SUMMARY OF TOXICITY INFORMATION
Arsine is the most acutely toxic form of arsenic. Its lethal capacity by inhalation suggested its use as a chemical-warfare agent (Gates et al., 1946). Its toxic manifestations are methemoglobinemia and hemolysis. Secondary effects resulting from hemolysis include renal and hepatic damage, hemoglobinuria, anuria, anoxia, jaundice, and hemolytic anemia. Results of acute toxicity studies are summarized in Tables 7 and 8. Little information on subchronic toxicity is available. Guinea pigs exposed to arsine at 0.5–2.0 ppm 1–3 h/d for up to 144 h showed evidence of decreases in red and white blood cell counts and hemoglobin concentration (Nau et al., 1944); there was also some evidence of peripheral nerve damage.

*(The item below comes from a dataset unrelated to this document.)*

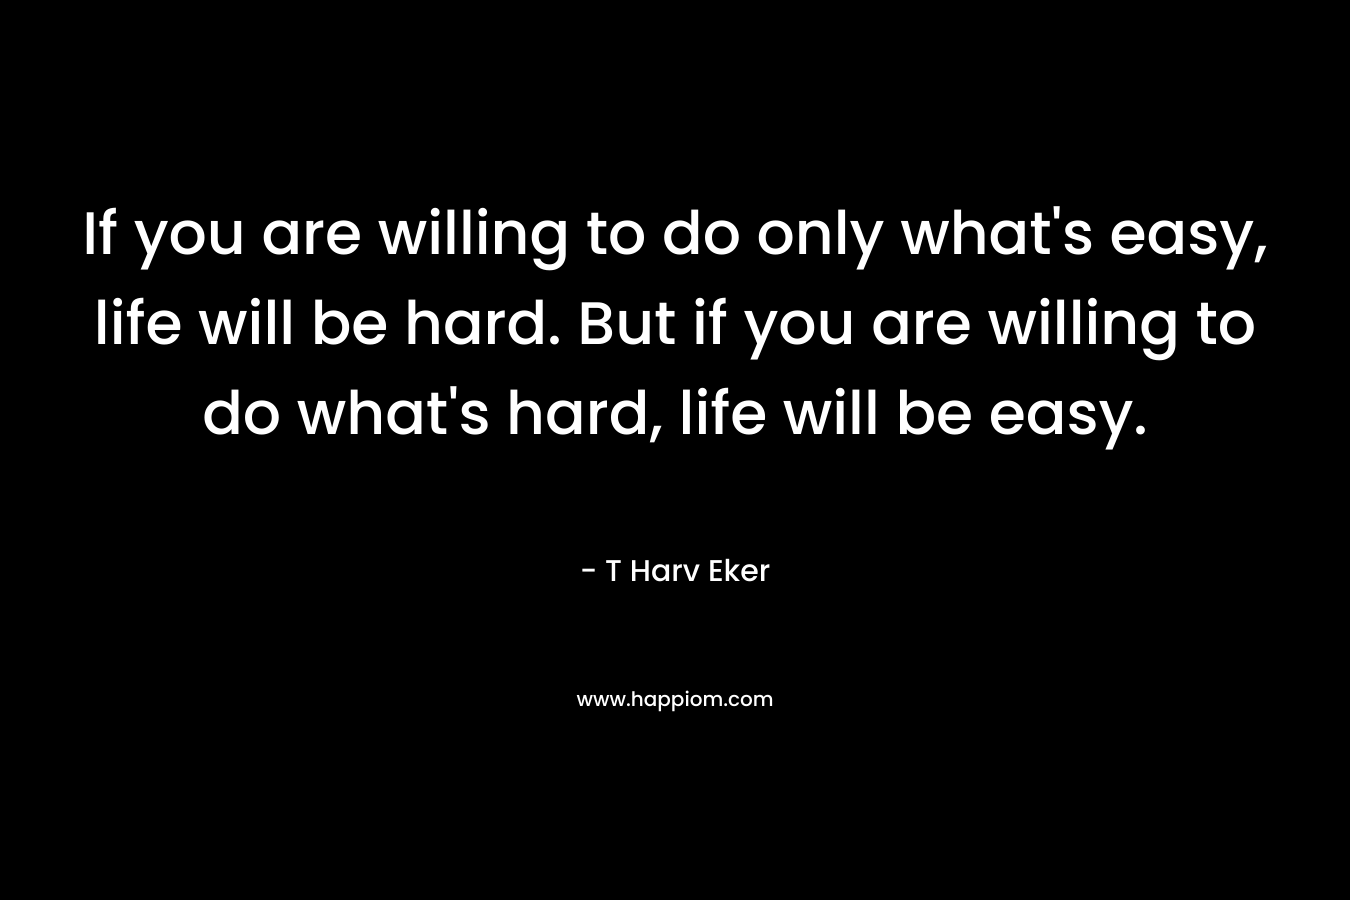 If you are willing to do only what's easy, life will be hard. But if you are willing to do what's hard, life will be easy.

There have been numerous cases of accidental arsine poisoning (mostly acute) in man; little information is available on the arsine concentrations involved. Arsine concentrations thought to produce physiologic effects in man are shown in Table 9. ACGIH has established a TLV of 0.05 ppm for occupational exposure. Similar values have been established in other countries (Table 10). Gates et al. (1946) estimated minimal disabling exposure to arsine for humans of 5.0 mg/L for 2 min and 0.2 mg/L for 30 min.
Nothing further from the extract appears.